Humans and 3D neural field models make similar 3D shape judgements
Thomas O'Connell, MIT, United States; Tyler Bonnen, Stanford University, United States; Yoni Friedman, Ayush Tewari, Josh Tenenbaum, Vincent Sitzmann, Nancy Kanwisher, MIT, United States
Session:
Contributed Talks 2 Lecture
Location:
South Schools / East Schools
Presentation Time:
Sat, 26 Aug, 17:15 - 17:30 United Kingdom Time
Abstract:
Human visual perception captures the 3D shape of objects. While convolutional neural networks (CNNs) resemble some aspects of human visual processing, they fail to explain human shape perception. A new deep learning approach, 3D neural fields (3D-NFs), has driven remarkable recent progress in 3D graphics and computer vision. 3D-NFs encode the geometry of objects in a continuous, coordinate-based representation.
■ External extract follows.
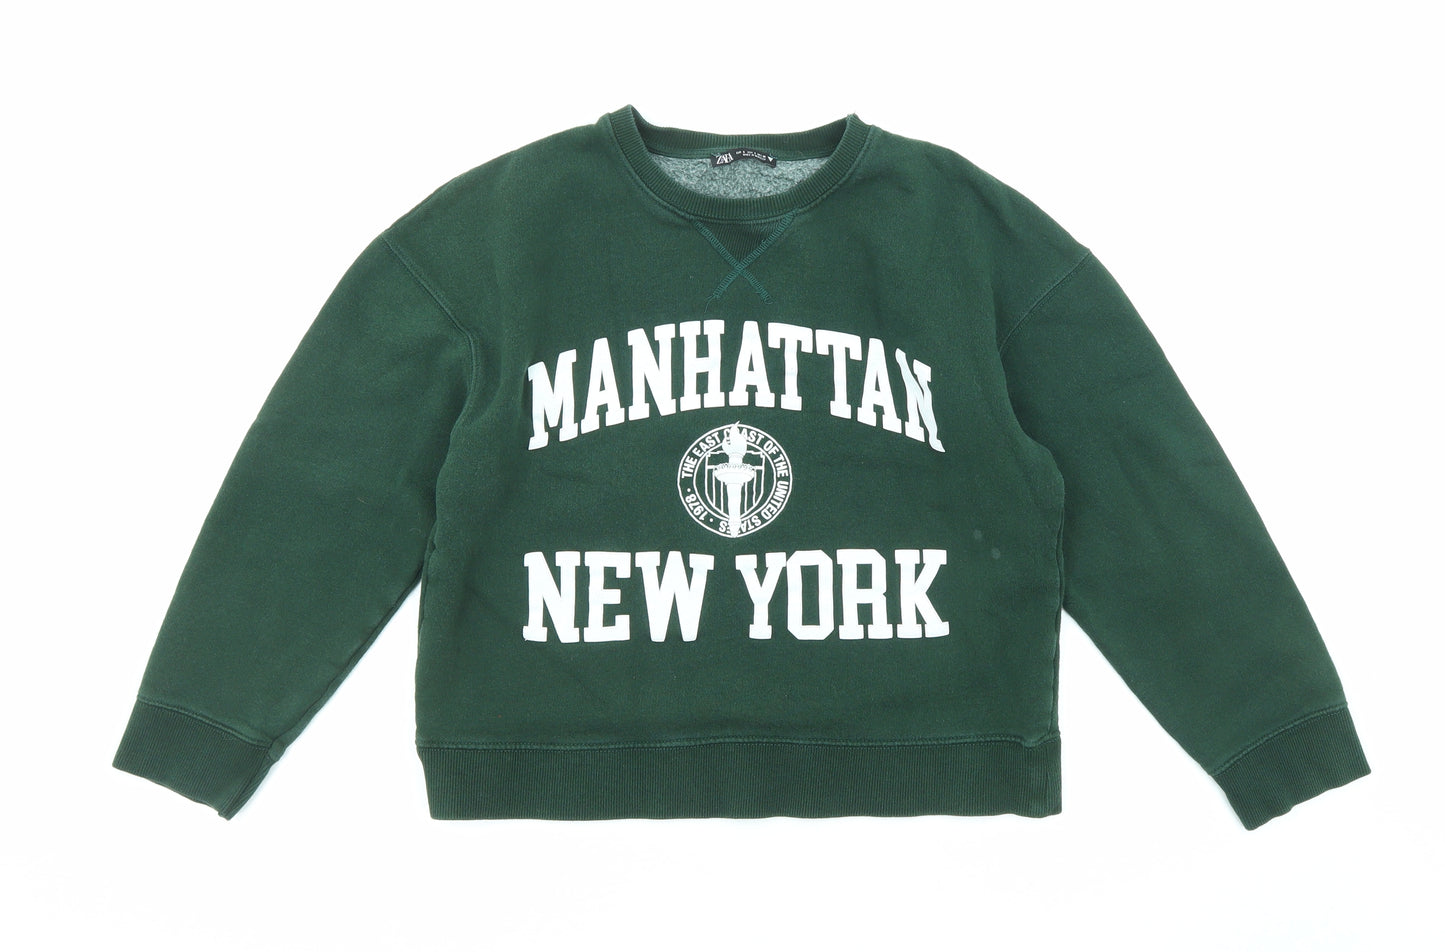 Zara Womens Green Cotton Pullover Sweatshirt Size S Pullover - Manhattan New York
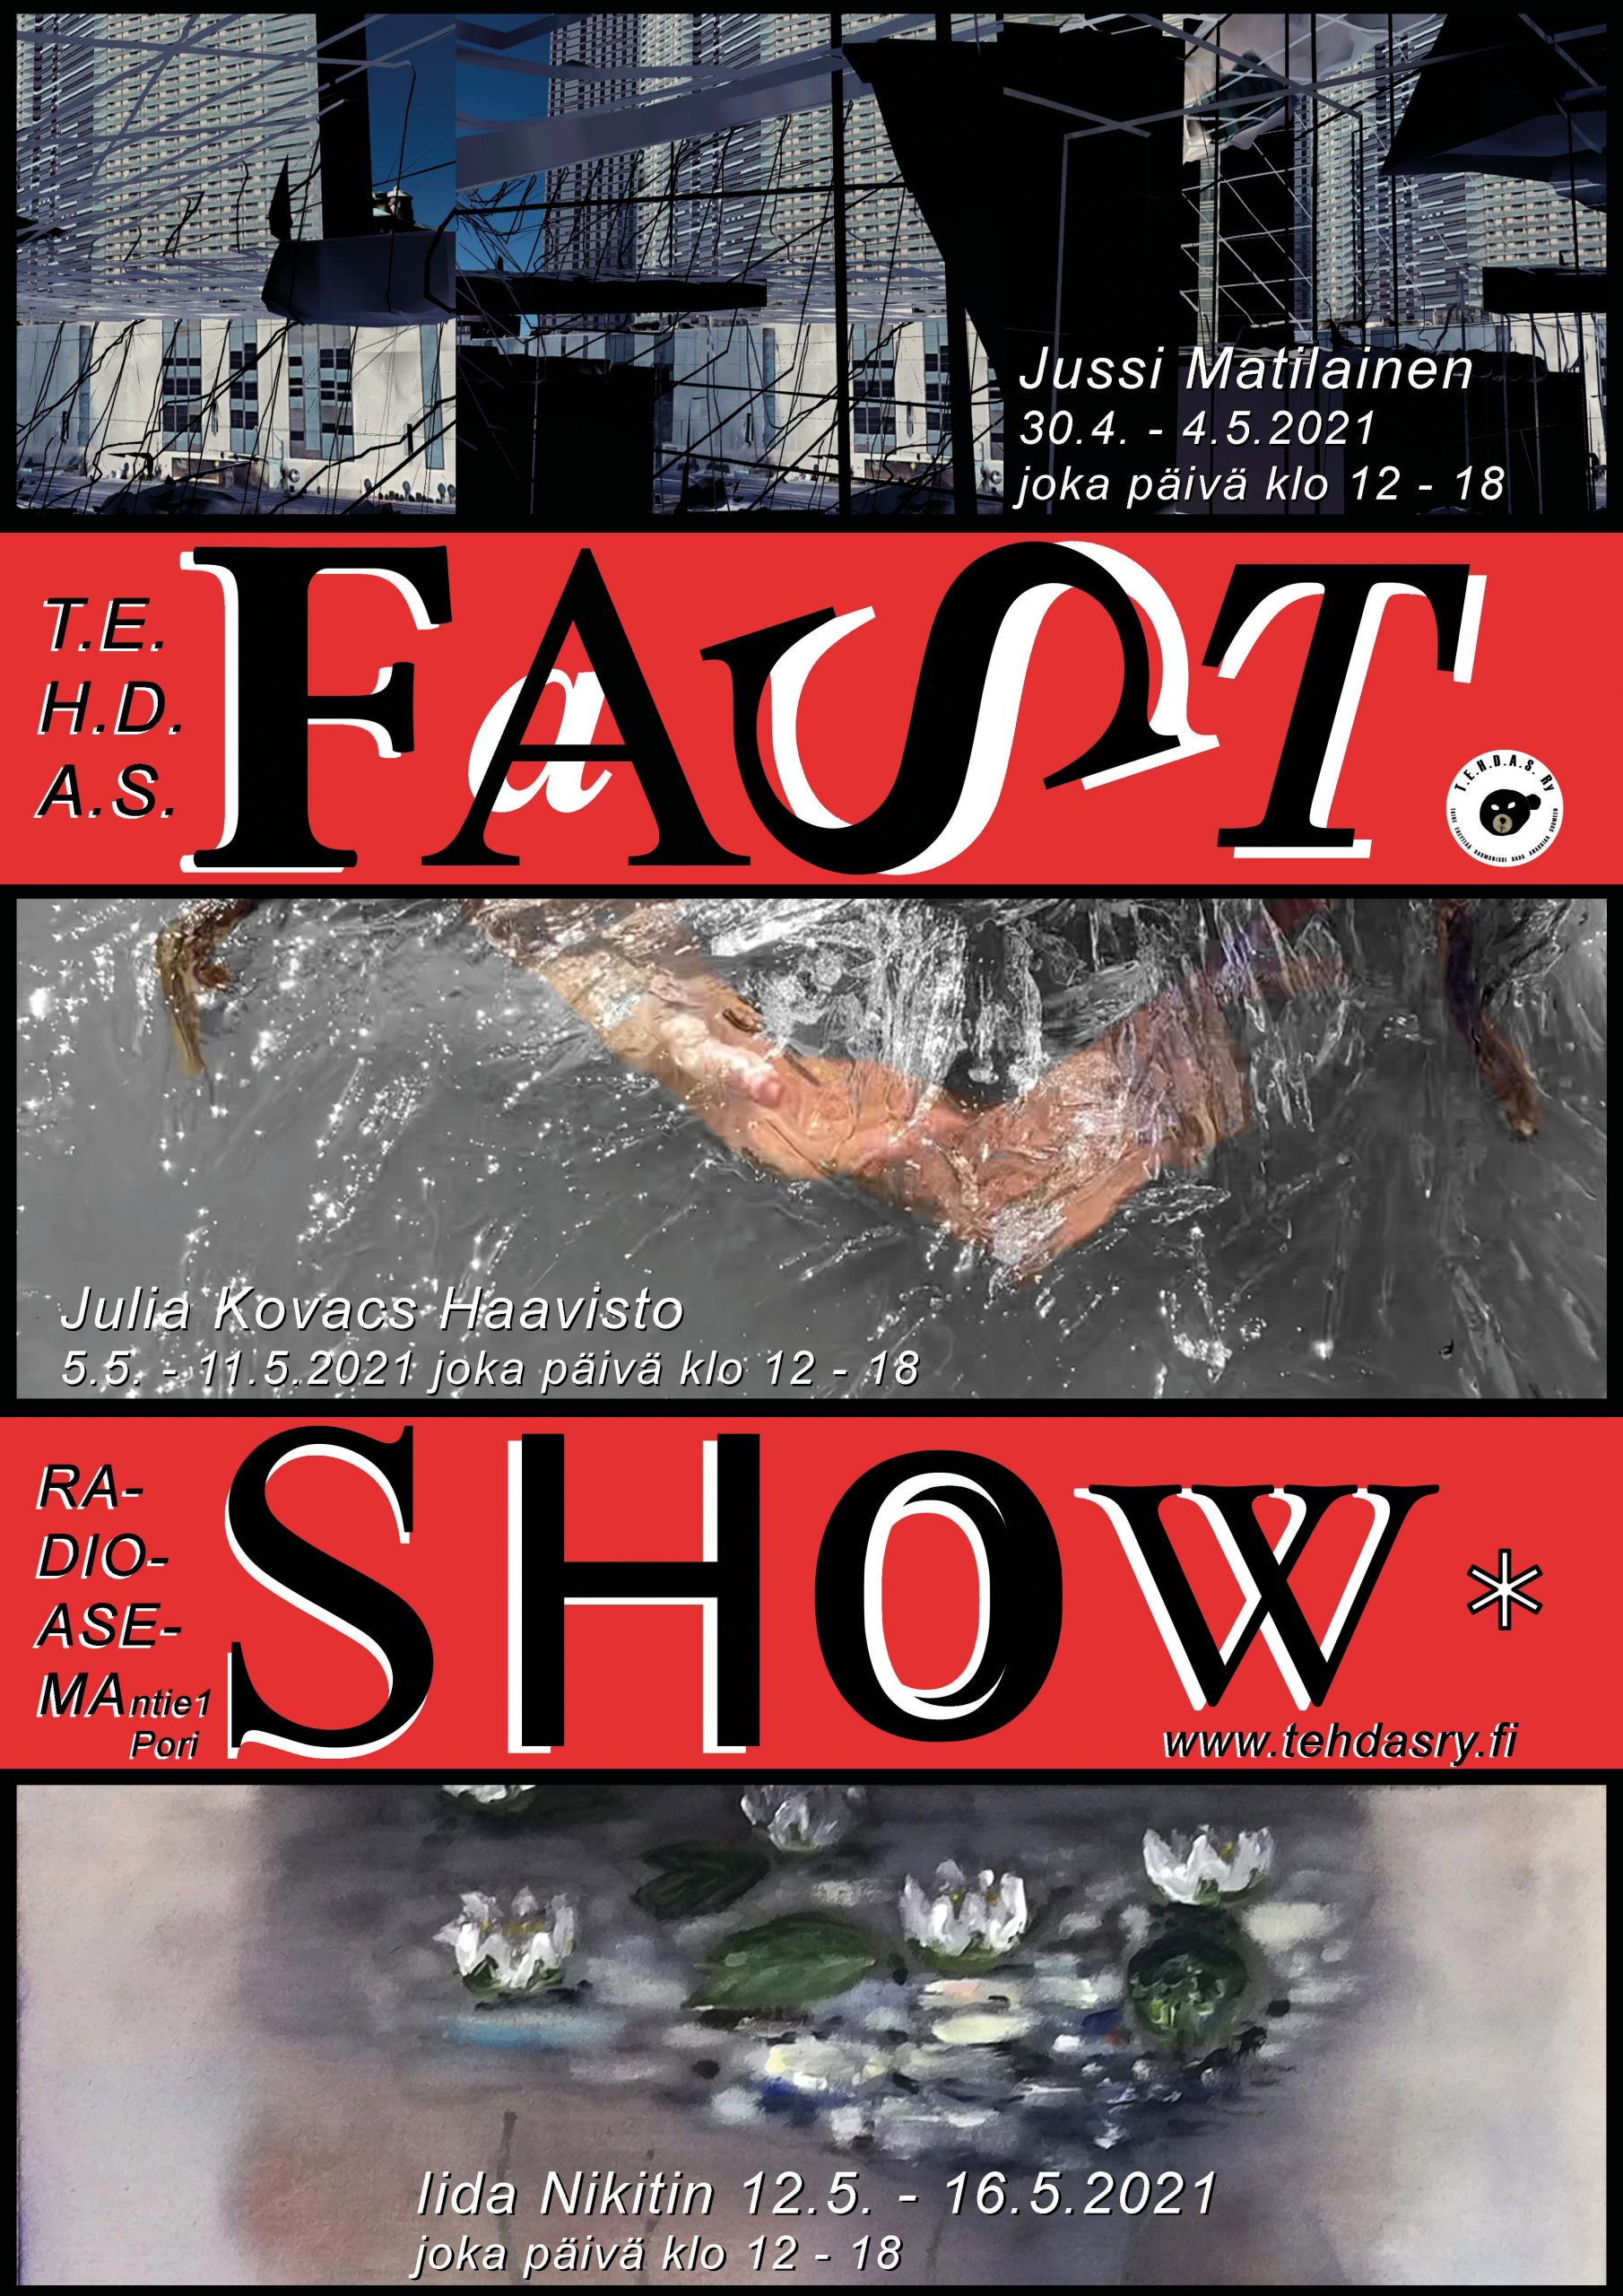 T.E.H.D.A.S. Fast Show

Here, we investigate whether humans and 3D-NFs make similar trial-level 3D shape judgments on match-to-sample tasks with rendered stimuli. In Experiment 1, 3D-NF behavior is more similar to human behavior than standard CNNs trained on ImageNet, regardless of whether lure objects were a.) from a different category than the target, b.) the same category as the target, or c.) matched to have the most similar 3D-NF to the target as possible. In Experiment 2, to accentuate differences between humans and 3D-NFs compared to CNNs, five difficulty conditions were defined based on the performance of 25 ImageNet CNNs. Again, we find 3D-NF and human behavior are well aligned, with both showing high accuracy even for trials where CNNs fail. Overall, 3D-NFs and humans show similar patterns of 3D shape judgements, suggesting 3D-NFs as a promising framework for investigating human 3D shape perception.